Sometimes we find comfort in understanding something a bit better. If we can explain it, we don’t have to be shocked by it. But although helping us to understand, the final purpose of John 19 is not to cover up what Jesus suffered. John is not saying, “Listen: if I bury you with enough Bible verses that explain this, then you won’t have to feel quite so bad that this happened in the first place.” No, that’s not the point, nor should it be.

Because ultimately what John’s explanations tell us is that all along, God knew the beloved Son would have to die. For God, this did not come out of a clear blue sky. The symphony has been leading up to precisely this plangent theme from the very first note. If you want to ask, “How bad off is this world really?” the answer is the cross. It’s that bad. It’s important to explain the cross. It’s important to understand the cross. It’s important to see how God orchestrated history to lead up to that cross. But none of that erases the cross.

We’ve come here tonight to remember Jesus’ deatb. As for John when writing his gospel, so also for us in this service: it’s impossible to observe Good Friday without still standing in the light of Easter. But if that resurrection light provides us with hope and a measure of clarity, it also serves to illuminate the cross like a spotlight. The cross doesn’t go away. It mustn’t. It reminds us this night how bad off we really are.

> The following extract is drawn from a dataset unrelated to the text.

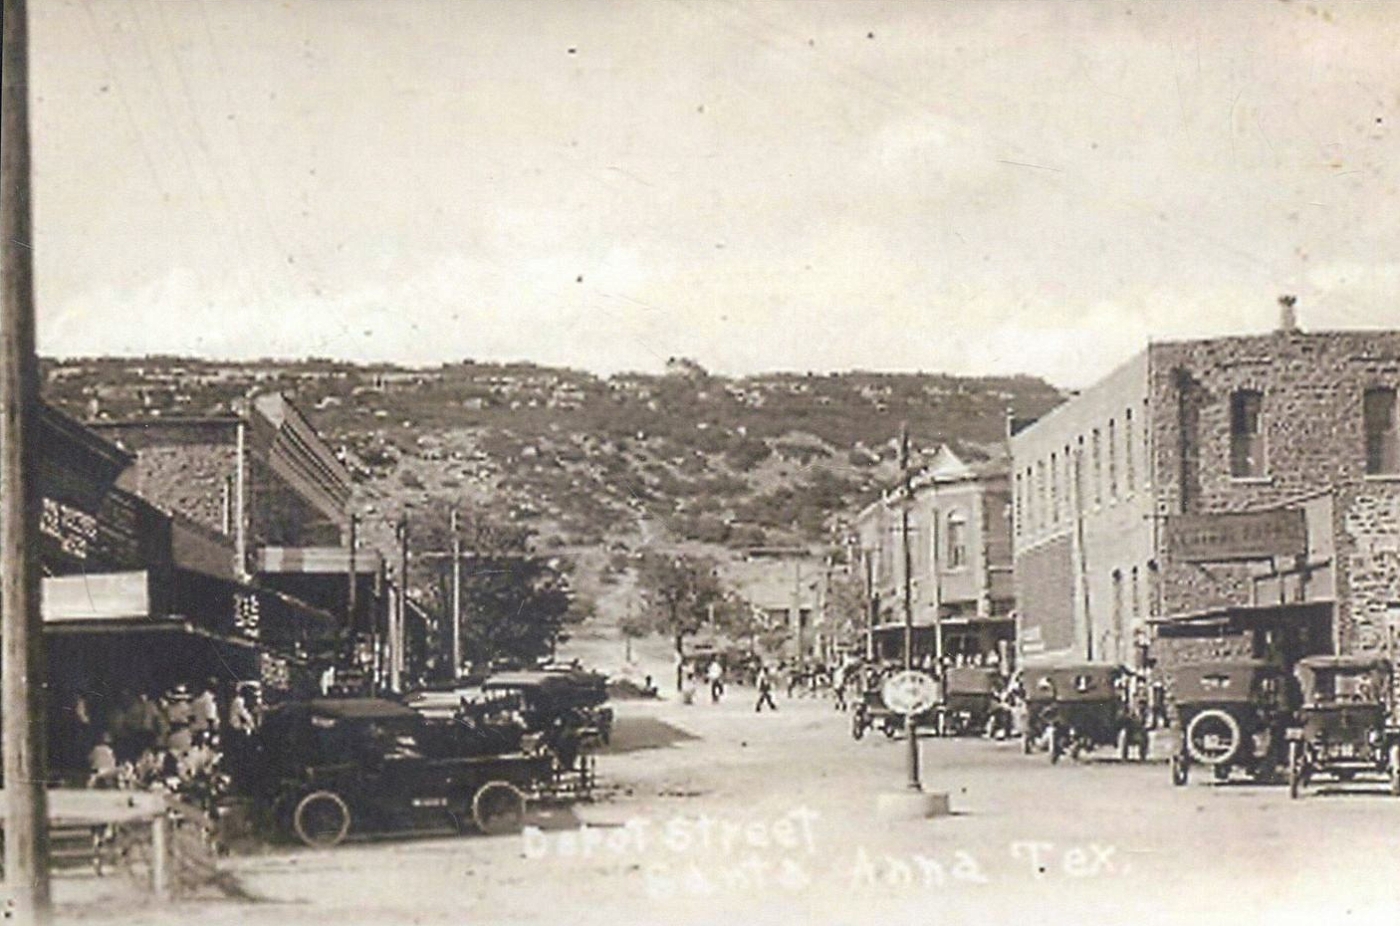 Depot Street in Santa Ana in 1910s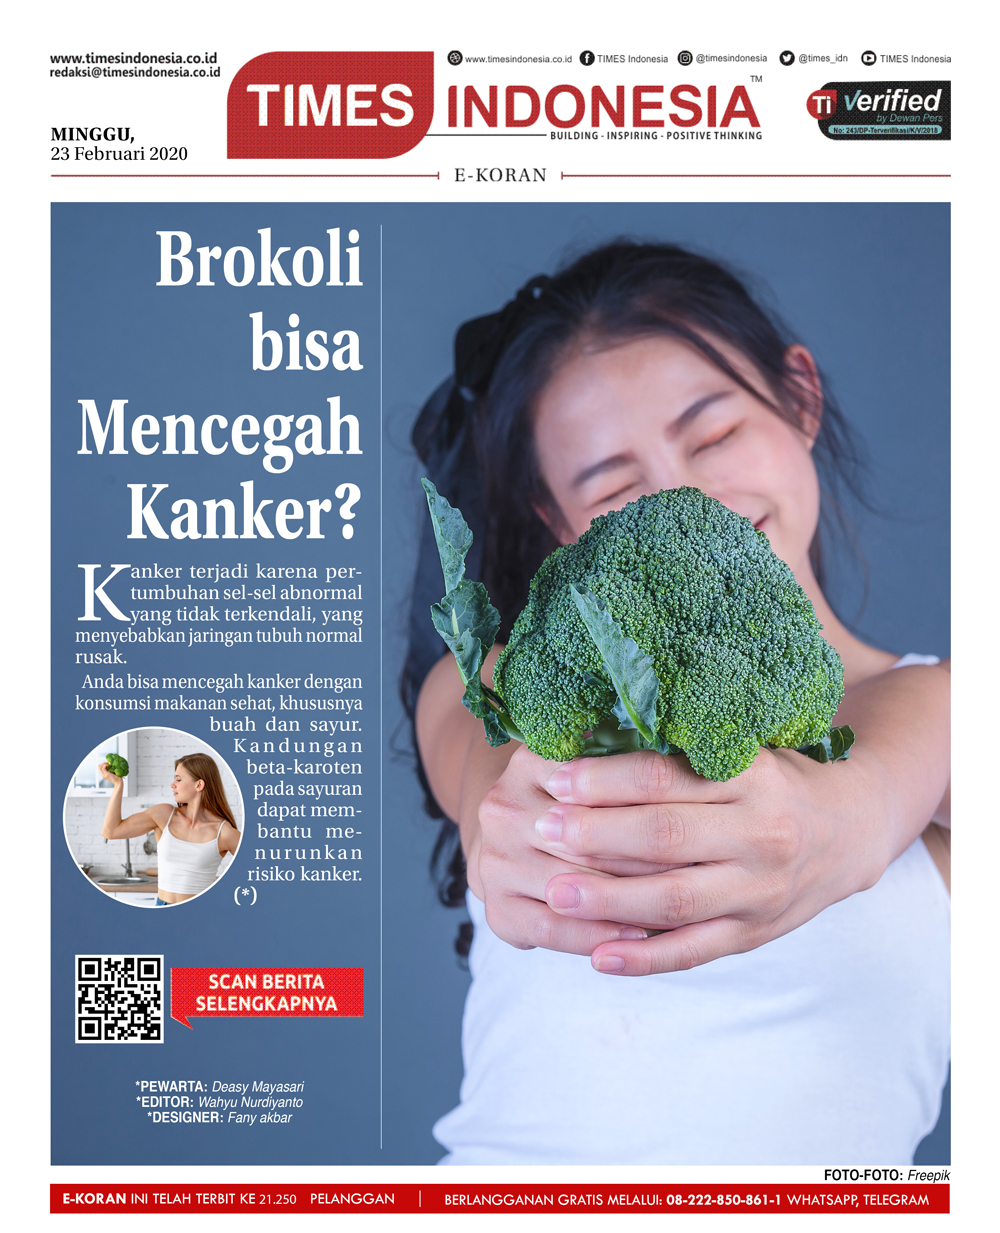 Edisi-Minggu-23-Februari-2020-brokoli.jpg

But it reminds us, too, that even so, we’ve never slipped so far that God can’t still reach us. And he does. With nail-pierced hands he reaches to us tonight in the bread and the wine. And once he does, nothing in this world can snatch us out of those hands or separate us from the love of God in Christ Jesus our Lord. And so come, take, eat, drink, remember, and believe that. Remember that our God doesn’t explain away the death or the terror of this world. He doesn’t say that all things considered it’s not so bad after all. Instead tonight he shows us again that he has penetrated the darkness, and only so can he finally rescue us from it. If you can see that in Jesus’ cross, then this Friday is a good Friday after all. Amen.